Durante un incidente, come intervenire

Quando emergono segnali di compromissione di un account email, è importante procedere con metodo.

Cambiare immediatamente la password

La modifica delle credenziali deve essere effettuata da un dispositivo sicuro.

Revocare tutte le sessioni attive

Molti servizi consentono di disconnettere tutti i dispositivi collegati. Questo passaggio è spesso decisivo per interrompere l'accesso dell'attaccante. Bisogna comunque avere pazienza, non tutte le sessioni vengono chiuse istantaneamente ed in alcuni casi possono esser richieste ore!

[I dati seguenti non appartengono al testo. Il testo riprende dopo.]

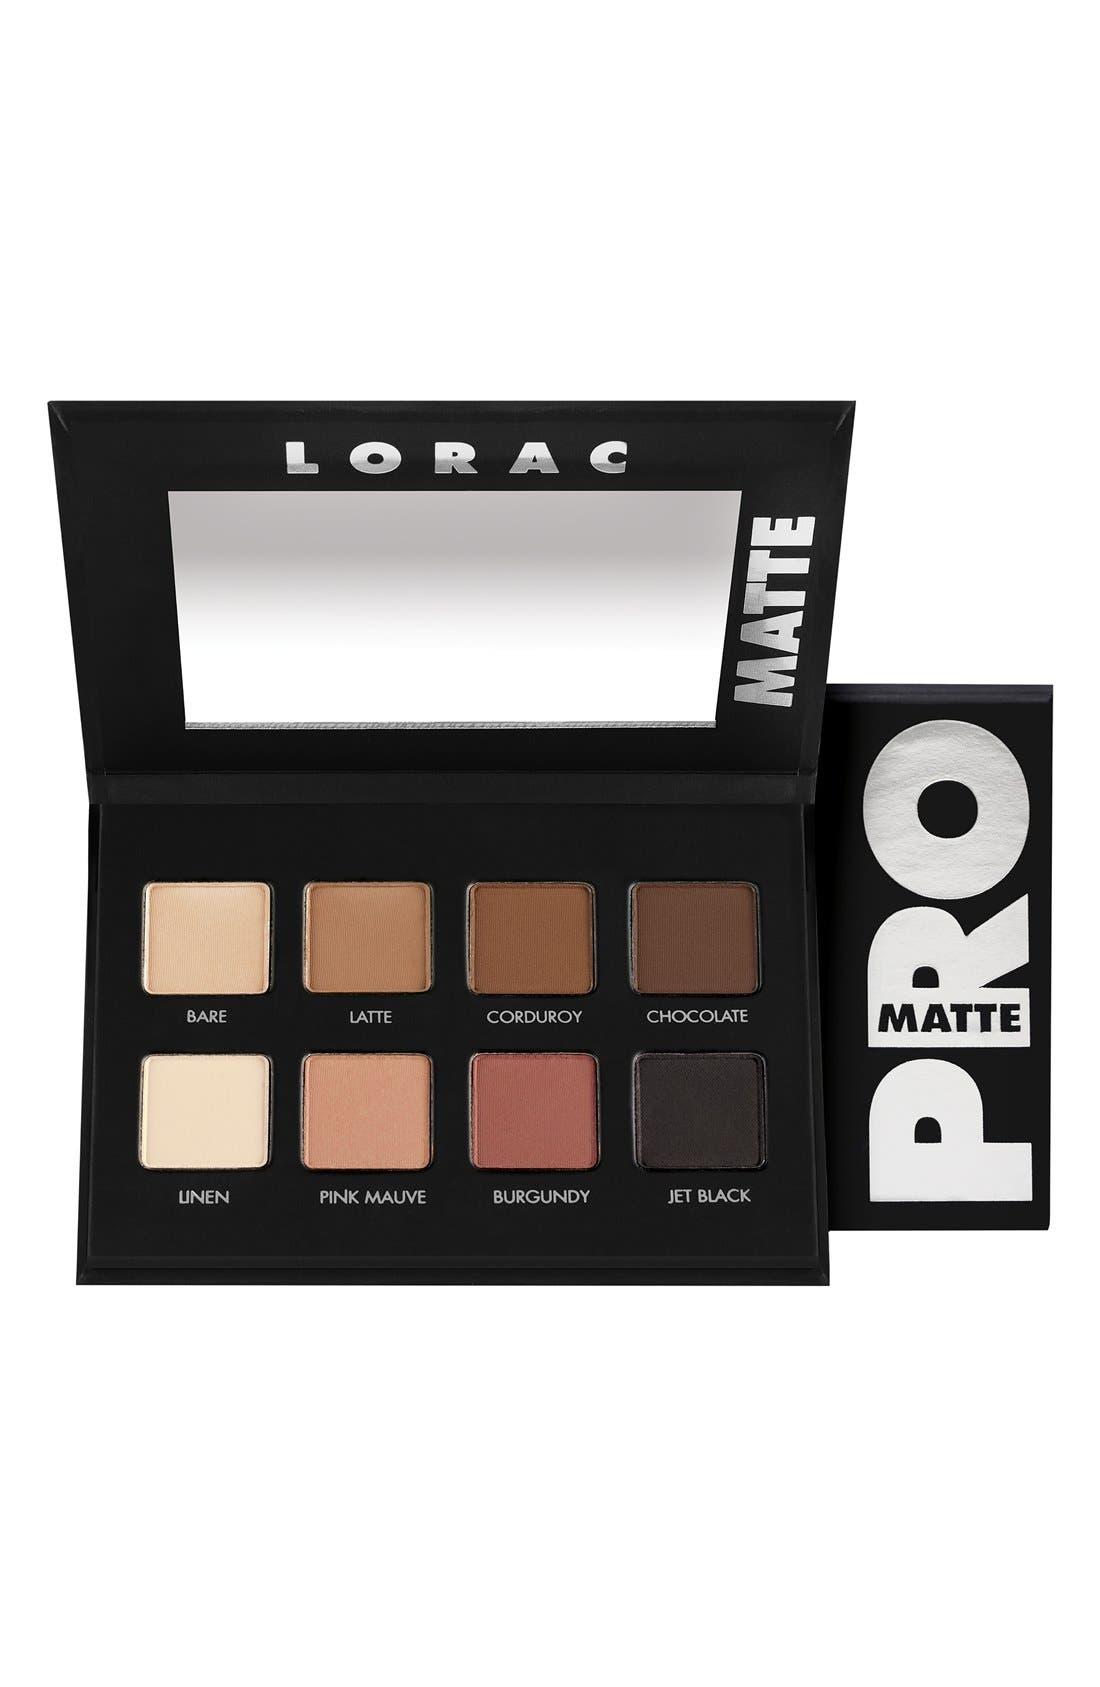 LORAC 'PRO' Matte Eyeshadow Palette, Main, color, 000

Verificare regole e inoltri

Gli aggressori impostano frequentemente:

  • regole automatiche;
  • inoltri verso indirizzi esterni;
  • risposte automatiche.

Analizzare gli header delle email

Gli header SMTP consentono di ricostruire il percorso del messaggio e comprendere se e dove sia stato modificato.

In questo caso l'analisi degli header è stata fondamentale per capire che la manipolazione avveniva dopo la consegna nella mailbox.

Evitare qualsiasi pagamento

I messaggi di sextortion sono progettati per generare panico. Non devono essere presi alla lettera né seguiti da pagamenti.

Dopo la risoluzione, verifiche finali

Una volta ripristinato il controllo dell'account, è opportuno eseguire ulteriori controlli.

Cambiare nuovamente la password

Questo passaggio aiuta a invalidare eventuali sessioni residue.

Verificare i metodi di recupero

Controllare che non siano stati aggiunti:

  • indirizzi email di recupero;
  • numeri di telefono;
  • applicazioni di autenticazione non autorizzate.

Controllare integrazioni e regole

Verificare nuovamente la presenza di regole automatiche od applicazioni con accesso alla mailbox.

Aggiornare le credenziali di altri servizi

Poiché l'email è spesso utilizzata per il recupero delle password, è prudente aggiornare anche gli accessi ai servizi più sensibili.

Esperienze acquisite

Gli incidenti che coinvolgono account email possono risultare particolarmente complessi da diagnosticare, poiché le cause possibili sono numerose: credenziali compromesse, sessioni persistenti, automazioni lato server o applicazioni autorizzate.

In questo caso la difficoltà principale è stata individuare il punto esatto in cui avveniva la manipolazione dei messaggi. Solo dopo un'analisi sistematica è stato possibile isolare il problema e ripristinare il controllo dell'account.

L'esperienza conferma quanto sia importante affrontare situazioni di questo tipo con un approccio metodico e senza cedere alla pressione psicologica generata da messaggi fraudolenti.

Una gestione corretta dell'incidente, unita a misure preventive adeguate, consente nella grande maggioranza dei casi di ripristinare la sicurezza dell'account senza conseguenze permanenti.